# WHAT THE EXERCISE ASKS:
Retype the listing exactly, minus its pictures.

──────── INPUT DATA ────────

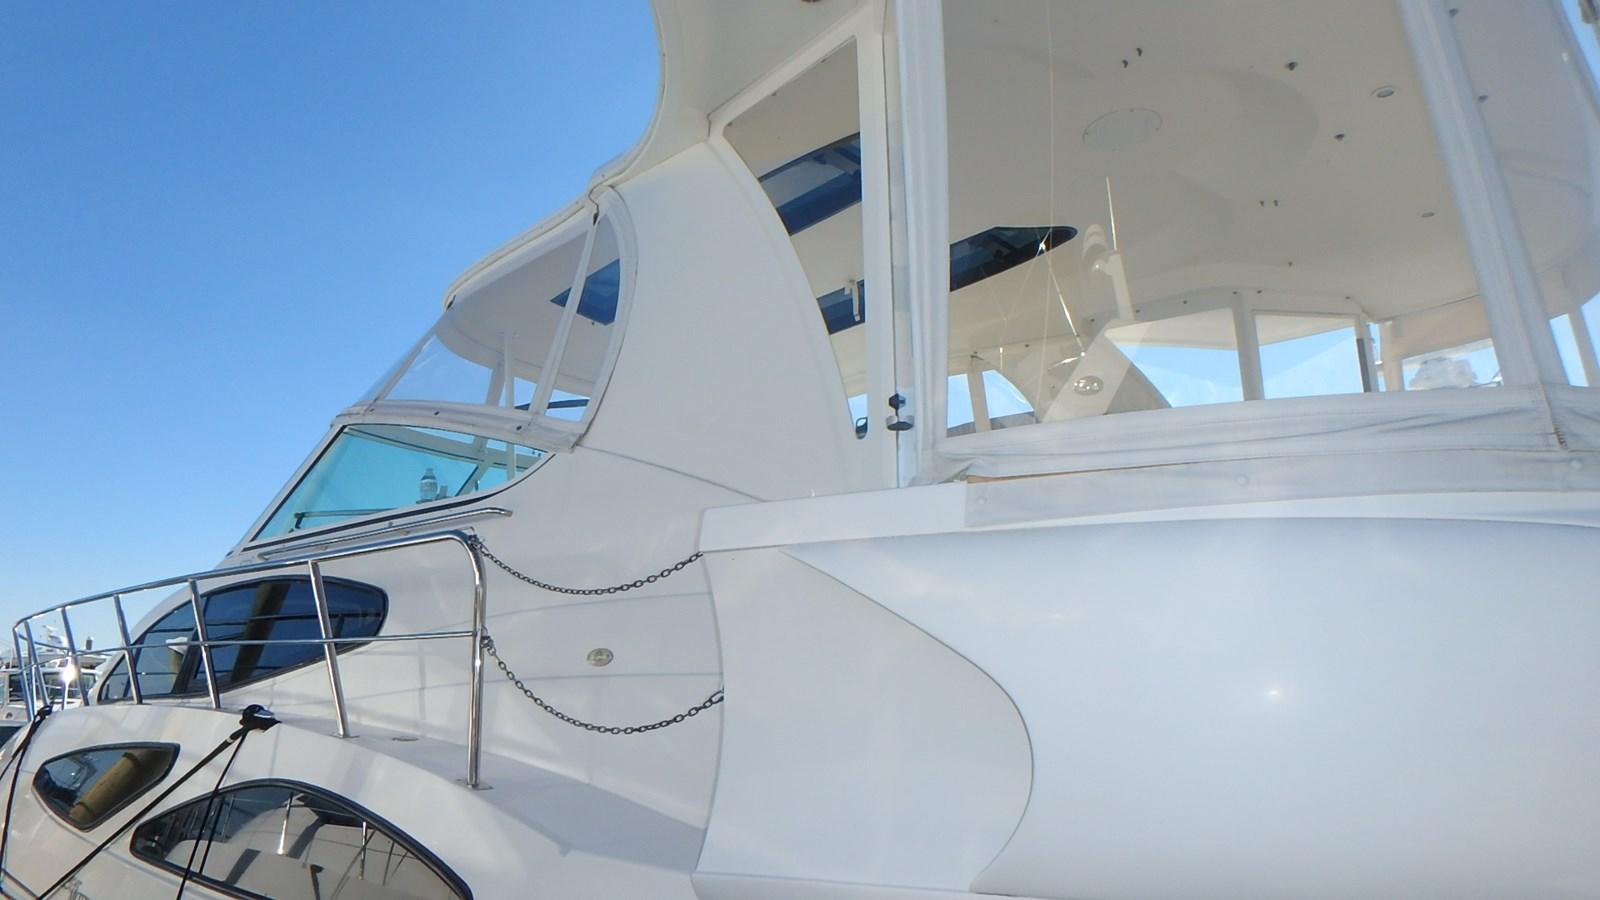 P1160914 2005 CRUISERS YACHTS 455 Express Motoryacht Motor Yacht 2522140
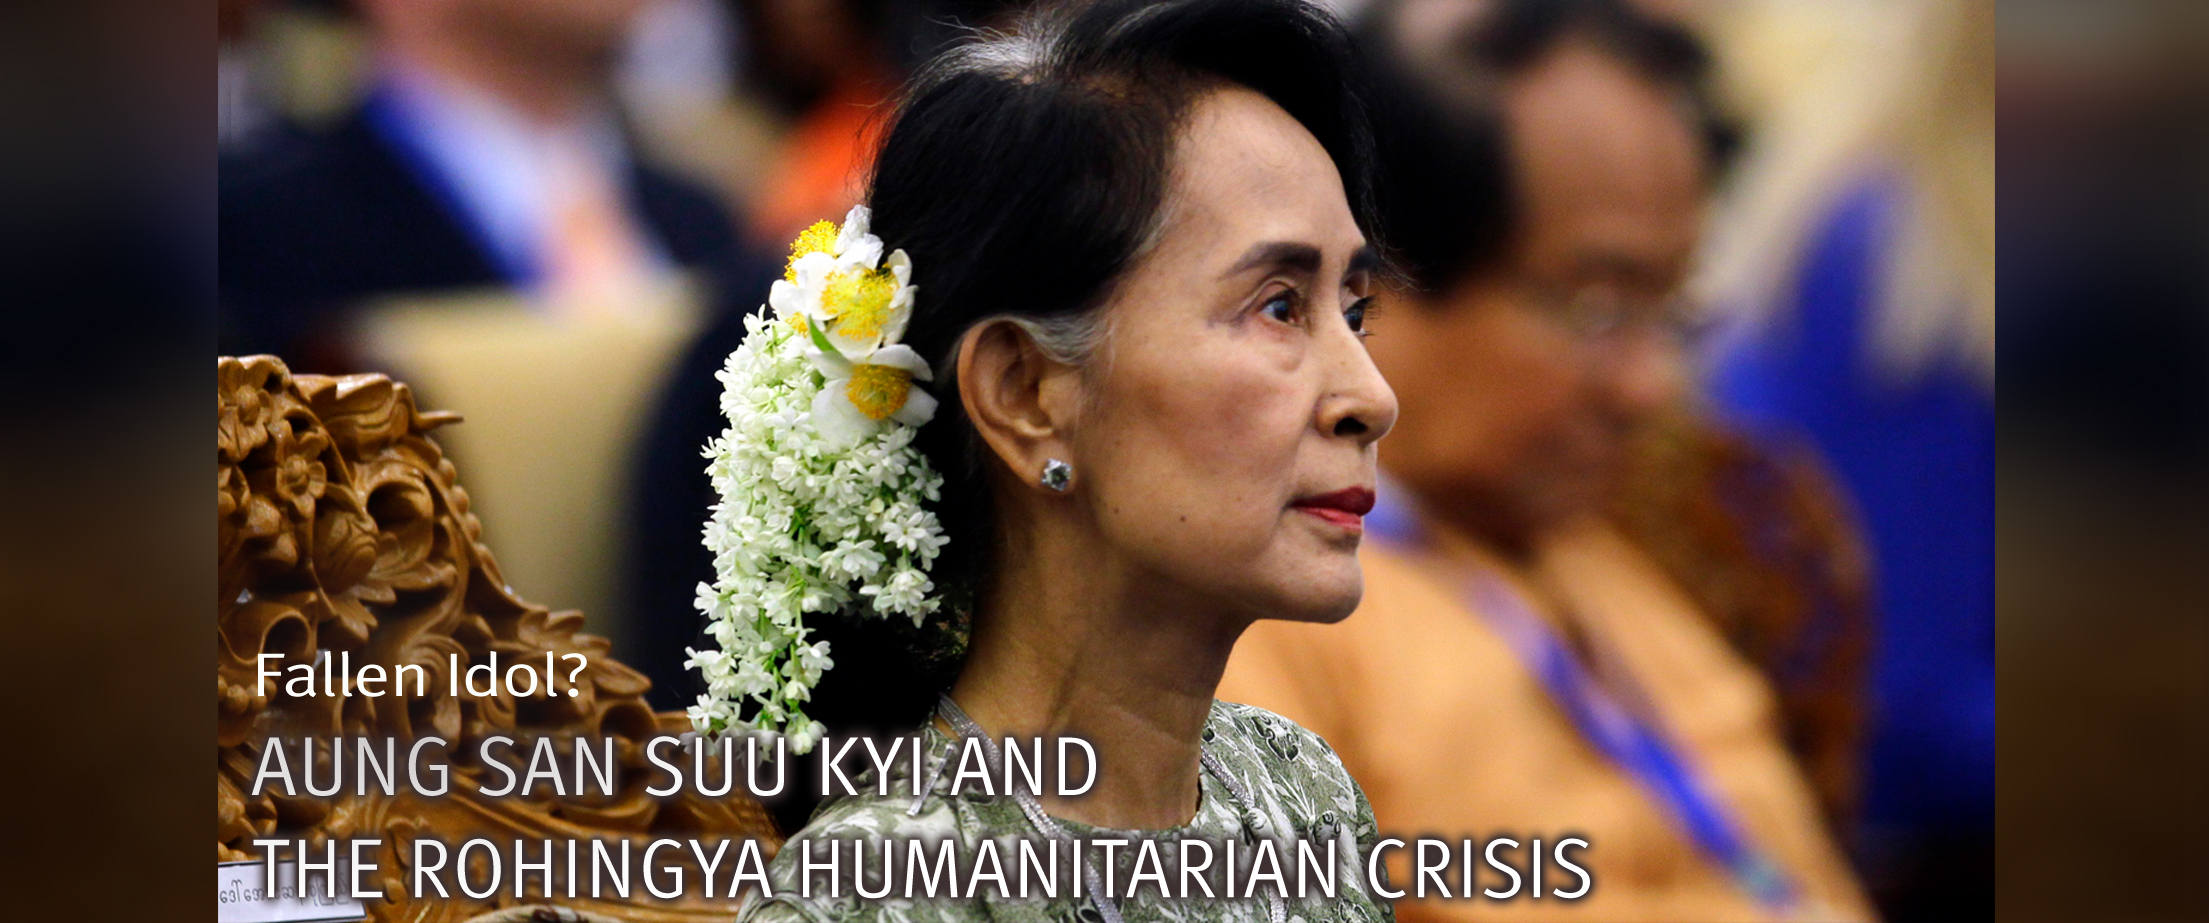 Fallen Idol? Aung San Suu Kyi and the Rohingya Humanitarian Crisis
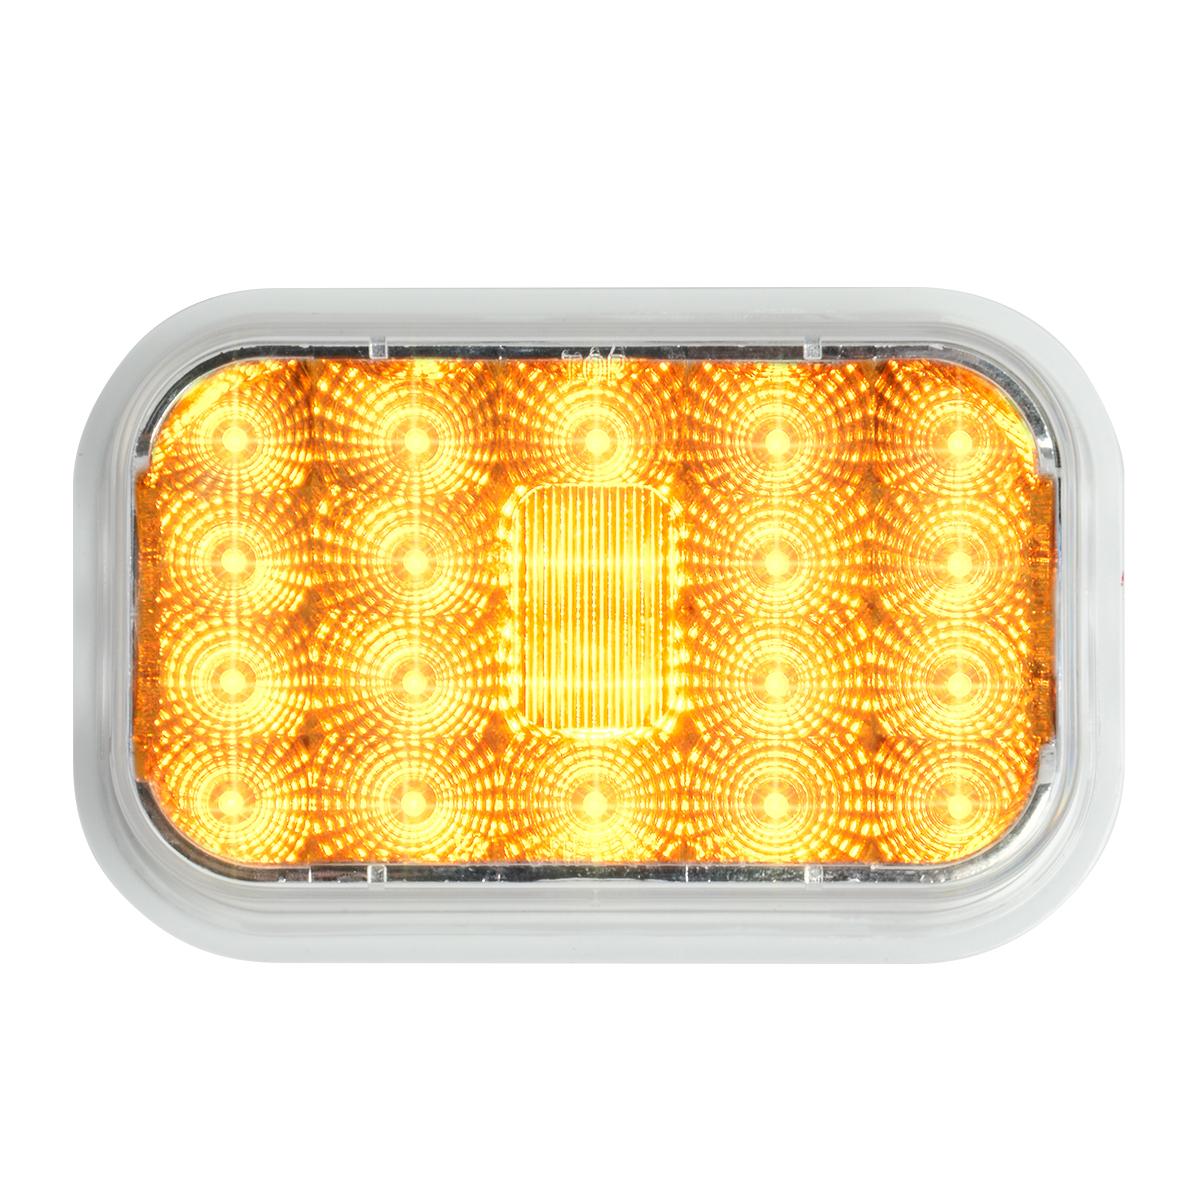 77461 High Profile Rectangular Spyder LED Light in Amber/Clear

────────

# ANSWER TO THIS TASK:
 P1160914 2005 CRUISERS YACHTS 455 Express Motoryacht Motor Yacht 2522140
 Fallen Idol? Aung San Suu Kyi and the Rohingya Humanitarian Crisis
 77461 High Profile Rectangular Spyder LED Light in Amber/Clear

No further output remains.